All eyes are on Valve and its upcoming Steam Machine release, with questions looming over when exactly it will release and how much it will cost. Those questions remain unanswered, though Valve did offer a bit more clarity on the former, saying in a blog post that both the
Steam Machine and Steam Frame will be "shipping this summer."
While we still do not have a precise release date, for context, the summer season officially began on June 1st and runs through August 31st. In other words, assuming no further delays, Valve will release its highly-anticipated Steam Machine sometime within the next 12 weeks.
Valve provided the update as an aside to the Steam Machine and Steam Machine being added to its Verified program, which was initially designed to inform gamers how well a game will run on handheld devices.
"We’re excited for players to try your titles on the new Steam hardware once they launch this summer," Valve says.
The other big question mark relates to cost and Valve declined to offer clarity on that front. It's possible that pricing has not been finalized even though a release is now imminent, though it's also possible that Valve is hoping to avoid sticker shock for long as possible.
Pricing is really the elephant in the room, especially on the heels of Valve
raising the cost of its Steam Deck OLED last week. The base model with with 512GB of storage now runs $789 and the 1TB model costs $949. Those represent price increases of $240 and $300, respectively.

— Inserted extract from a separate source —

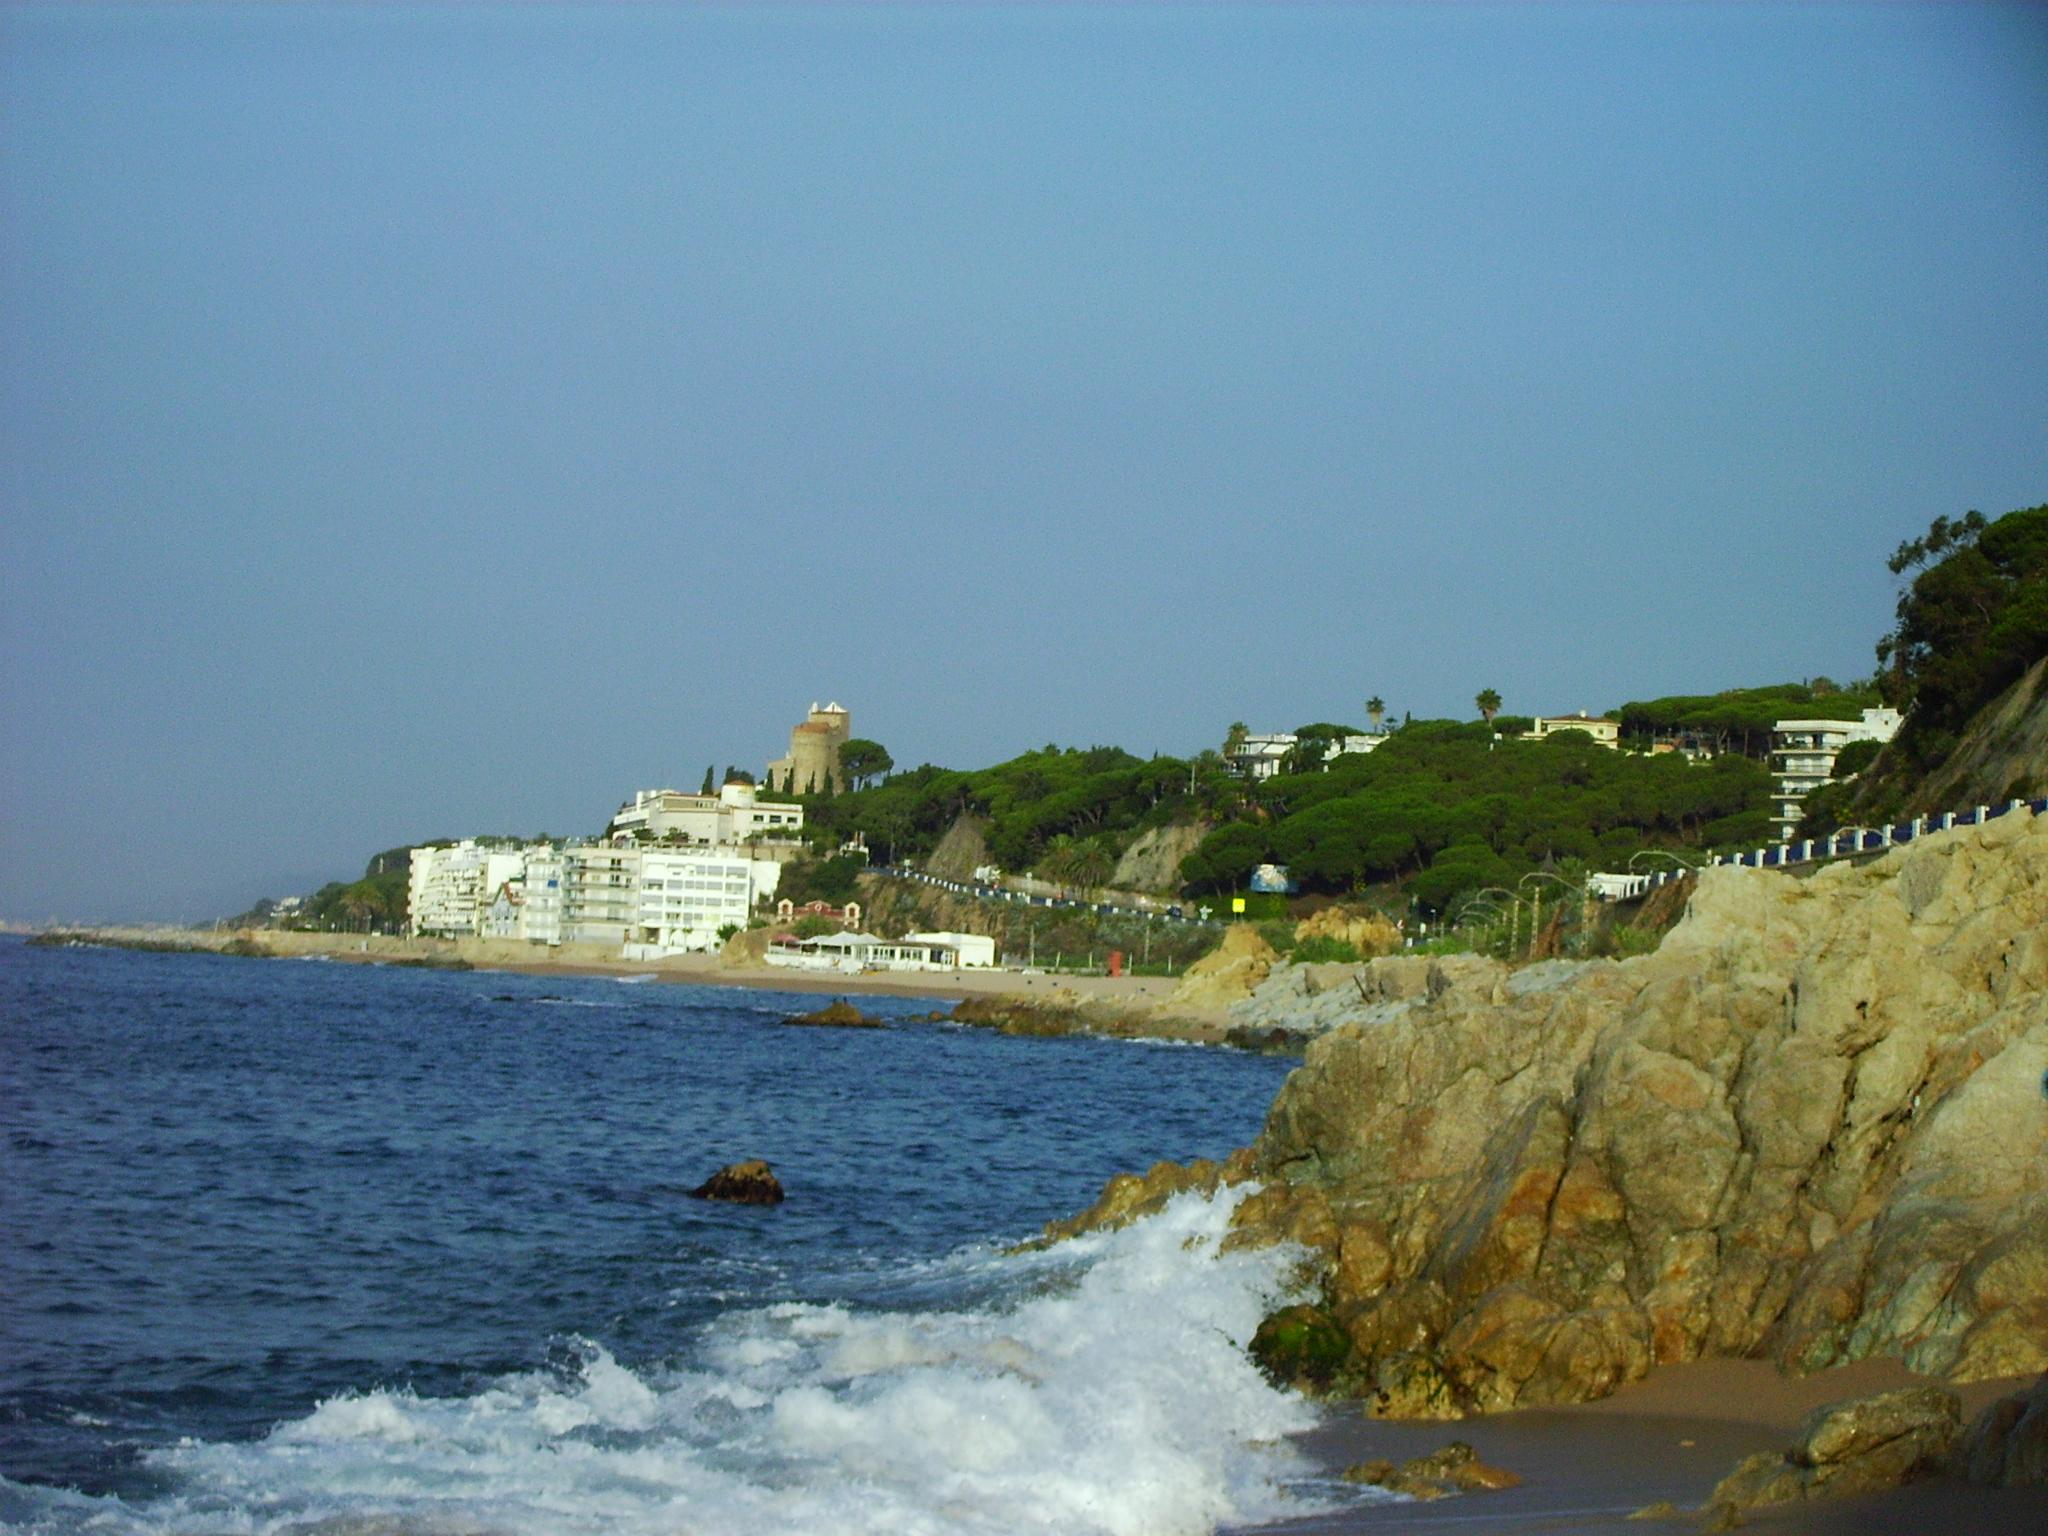 Playa El Morer

Valve is not being greedy, and instead is
responding to market economics in the wake of an AI-driven shortage of memory and storage chips. The company stated as much when it announced the price increase, saying the new MSRPs "reflect the current state of component costs and other global logistic challenges across the industry as a whole."
It's not unusual for console makers to take a hit on hardware costs and make it up on software (games), but these are unique times we are in. The Steam Deck may or may not serve as a baseline for pricing expectation. Related, Valve doubled down on the claim that the Steam Machine is "roughly six times as powerful as a Steam Deck."
"Long story short: If your game already runs well on Deck, it will also run well on Machine with no extra work required from you. And if it doesn't run great on Deck because of CPU or GPU performance, it may still run great on Machine. If you have games like this, you don't have to take any action: We're already testing every title on Machine that fell below our performance requirements on Deck," Valve states in its
blog post.
Now that we're a week into summer, our remaining questions about the Steam Frame should be answered soon enough.